Nagios add monitoring host
Operation steps:
- 1. Modify the main configuration file of Nagios to separate the configuration of the server from the configuration of the monitoring items
- 2. Add monitoring host related information profile
- 3. Check configuration file syntax for correctness
- 4. Reload configuration for new profile to take effect
- 5. View Web interface validation configuration succeeded
1. Modify master profile
After installing Nagios, you can see a local monitoring case named localhost through the web interface.
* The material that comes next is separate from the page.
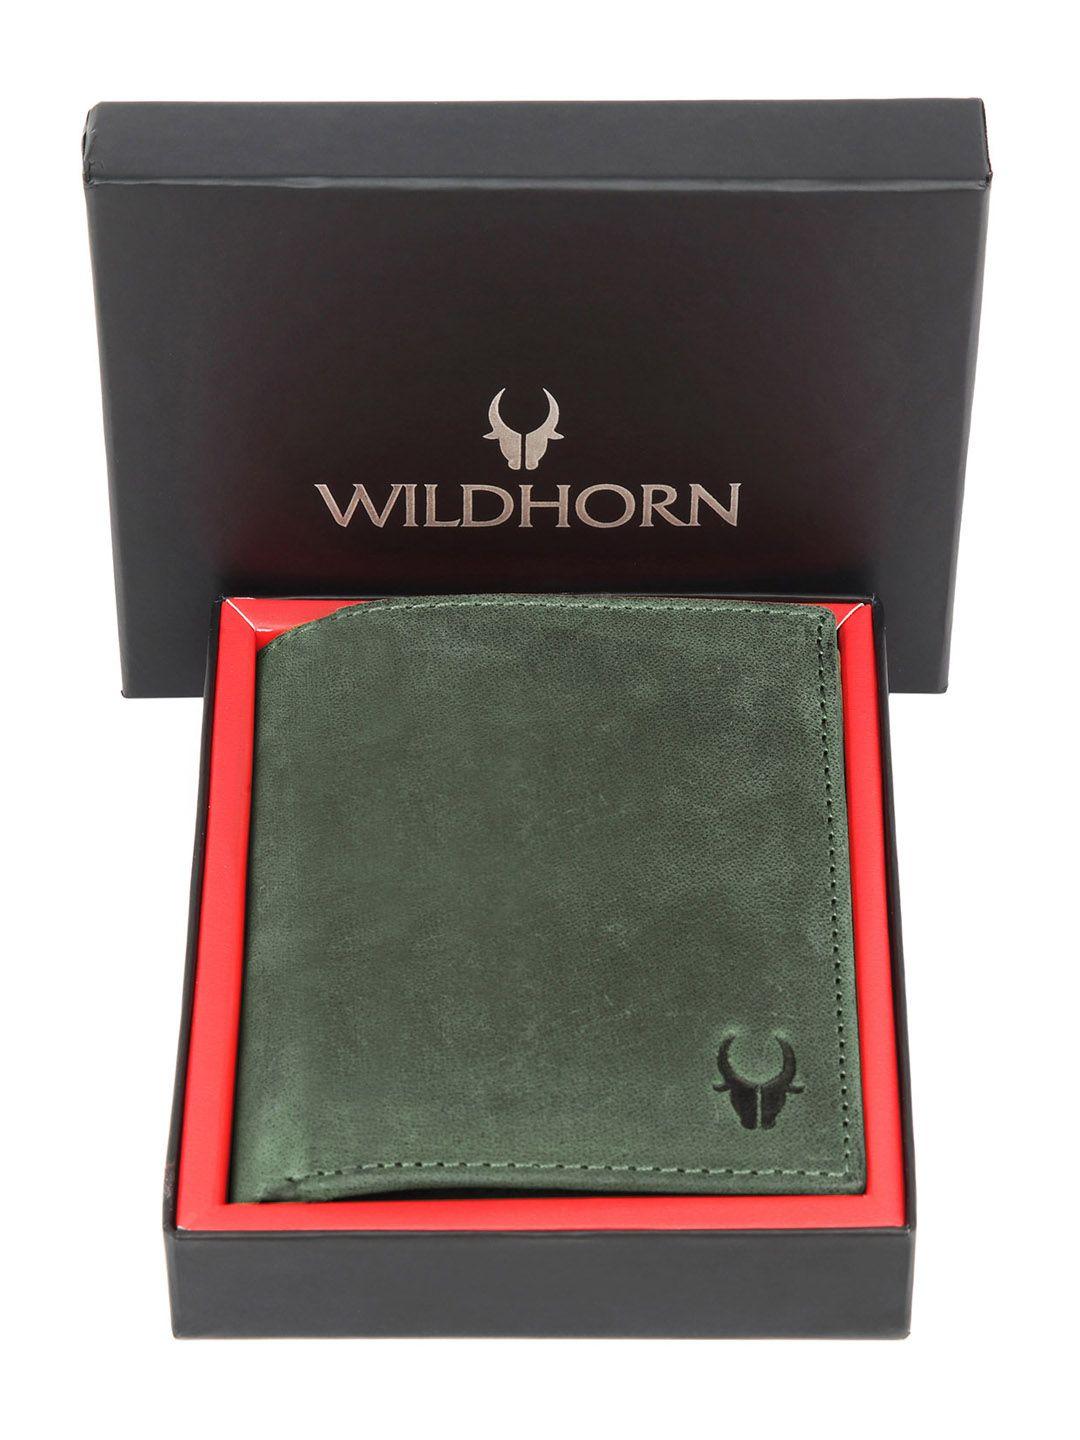 wildhorn unisex green leather card holder

This is due to the template generated by Nagios configuration file, which is located in / usr/local/nagios/etc/objects/localhost.cfg:
$ tree /usr/local/nagios/etc/ # Nagios profile directory /usr/local/nagios/etc/ |-- cgi.cfg # web interface profile |-- htpasswd.users # User name and password authentication file when logging into Nagios Web page |-- nagios.cfg # Master profile |-- nrpe.cfg # Client profile |-- objects # Directory containing other profiles | |-- localhost.cfg # Used to define host monitoring
It is not recommended to write the new host configuration to be monitored in it, because when there are too many hosts to be monitored, this part will be very injured. Therefore, you can create a special folder under / usr/local/nagios/etc / to store the configuration information of the host and the service, and you can distinguish the machines with different functions or platforms by different folders. For example:
# Manage with different cloud platforms and functions tree /usr/local/nagios/etc/ |-- cgi.cfg |-- htpasswd.users |-- nagios.cfg |-- nrpe.cfg |-- objects |-- servers # New storage service and machine directory |-- aliyun # Storing machines related to aliyun platform | |-- product_Host.cfg | |-- product_Service.cfg | |-- staging_Host.cfg | `-- staging_Service.cfg `-- aws |-- product_Host.cfg |-- product_Service.cfg |-- staging_Host.cfg `-- staging_Service.cfg
Let's create a new servers folder under / usr/local/nagios/etc:
mkdir /usr/local/nagios/etc/servers
In order for Nagios to read our configuration file when it starts, we need to modify the main configuration file: / usr/local/nagios/etc/nagios.cfg
Add a new path information: cfg_dir=/usr/local/nagios/etc/servers
In this way, files in this directory will be loaded by nagios as long as they conform to the *. cfg naming.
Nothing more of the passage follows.